Extended User Interrupts (xUI): Fast and Flexible Notification without Polling
Fast kernel bypass for signals
Extended User Interrupts (xUI): Fast and Flexible Notification without Polling Berk Aydogmus, Linsong Guo, Danial Zuberi, Tal Garfinkel, Dean Tullsen, Amy Ousterhout, and Kazem Taram ASPLOS'25
This paper describes existing hardware support for userspace interrupts, and extensions to make it more efficient.
Yet Another Kernel Bypass
The kernel is powerful, and yet slow. You only want to call on it when necessary. Kernel bypass technologies like DPDK and io_uring exist to allow applications to reduce the frequency of kernel calls.

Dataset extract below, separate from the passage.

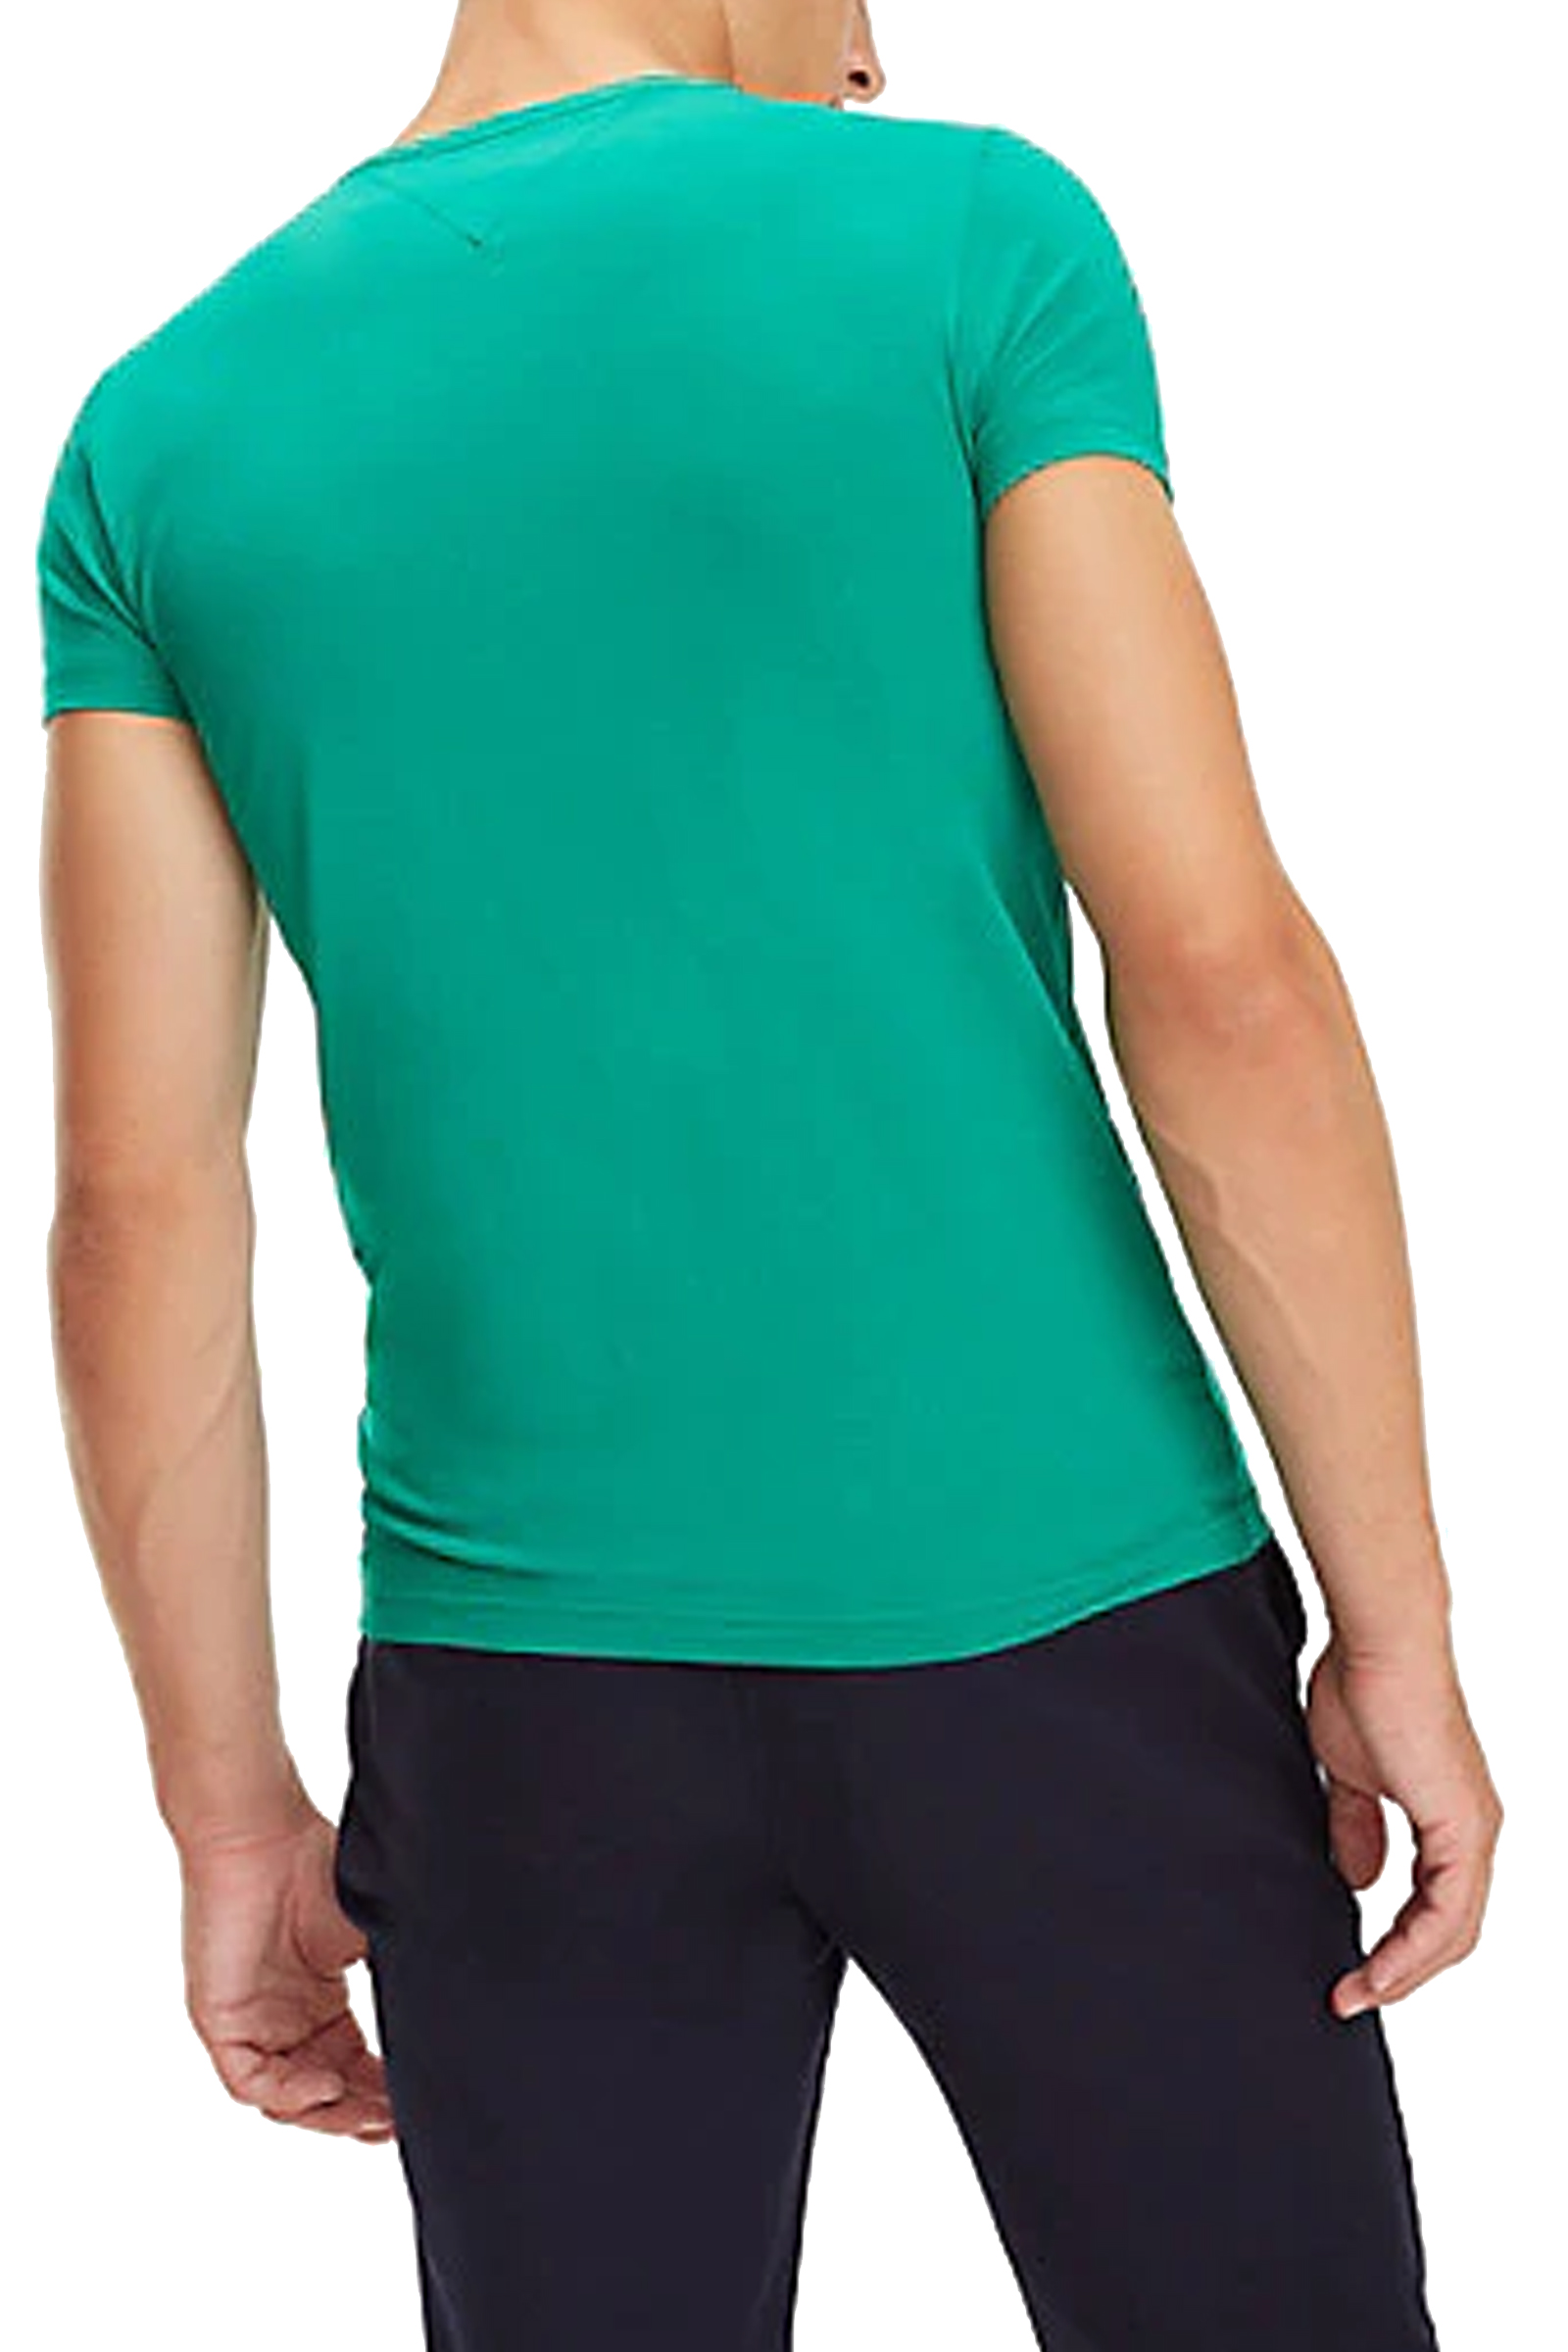 new product 8ddb8 440bc TOMMY HILFIGER T-Shirt Uomo

In addition to I/O, applications frequently call the kernel to communicate between threads. For example, in a producer/consumer design, the producer could use a signal to tell the consumer that more data is ready. Section 2 of the paper reminds readers that each of these signals costs about 2.4 microseconds.
The idea behind userspace interrupts is to get the kernel out of the way and instead have dedicated hardware to support cheap signaling between threads.
Intel UIPI
Architecture
UIPI is a hardware feature introduced by Intel with Sapphire Rapids. Section 3 of the paper describes how UIPI works, including reverse engineering some of the Sapphire Rapids microarchitecture.
Like other kernel bypass technologies, the kernel is still heavily involved in the control path. When a process requests that the kernel configure UIPI, the kernel responds by creating or modifying the user interrupt target table (UITT) for the process. This per-process table has one entry per thread. The kernel thread scheduler updates this table so that the UIPI hardware can determine which core a thread is currently running on.
Once the control path is setup, the data path runs without kernel involvement. Userspace code which wants to send an interrupt to another thread can execute the senduipi instruction. This instruction has one operand, which is an index into the UITT (the index of the destination thread). The hardware then consults the UITT and sends an inter-processor interrupt (IPI) to the core on which the destination thread is running. Userspace code in the destination thread then jumps to a pre-registered interrupt handler, which runs arbitrary code in userspace. Hardware has long supported IPIs, but typically only the kernel has had the ability to invoke them.
The hardware has the ability to coordinate with the OS to handle the case where the destination thread is not currently running on any core. These cases do involve running kernel code, but they are the slow path. The fast path is handled without any kernel involvement.
Microarchitecture
The authors measure an end-to-end latency of 1360 clock cycles for a userspace interrupt on Sapphire Rapids. Fig. 2 illustrates where that time goes:
The largest cost is the pipeline flush when the receiving core receives the IPI. Section 3.4 describes experiments the authors performed to determine these numbers, including how they determined that the receiving processor pipeline is flushed. Note that “flush” here means that in-flight instructions are squashed (i.e., what happens when a branch misprediction is detected). An alternative strategy would be to drain the pipeline, which would let outstanding instructions commit before handling the interrupt. This would avoid duplicate work but would increase the latency of handling an interrupt.
Tracked Interrupts
The authors propose tracked interrupts to solve the performance problem associated with pipeline flushes. When an interrupt is received, the receiving core immediately injects the micro-ops needed to handle the interrupt into the pipeline. Outstanding instructions are not squashed. This may sound similar to draining, but there is a key difference. With draining, the processor waits for all inflight instructions to commit before injecting the interrupt handling micro-ops. With tracked interrupts, micro-ops enter the pipeline immediately, and the out-of-order machinery of the processor will not see any dependencies between the interrupt handling micro-ops and the inflight instructions. This means that the interrupt handling micro-ops can execute quickly and typically do not need to wait behind all inflight instructions.
Results
The paper has simulation results which show that tracked interrupts save 414 clock cycles on the receiver side. The paper also discusses some related improvements to UIPI:
Userspace timer support
Userspace interrupts from I/O devices
Safepoints - to allow userspace interrupts to place nice with garbage collection
Dangling Pointers
I wonder how much of the Sapphire Rapids design was dictated by simplicity (to reduce the risk associated with this feature)?
A frequent theme in papers reviewed on this blog is how difficult it is to implement fine-grained multithreading on general purpose multi-core CPUs. I wonder how much userspace interrupt support can help with that problem?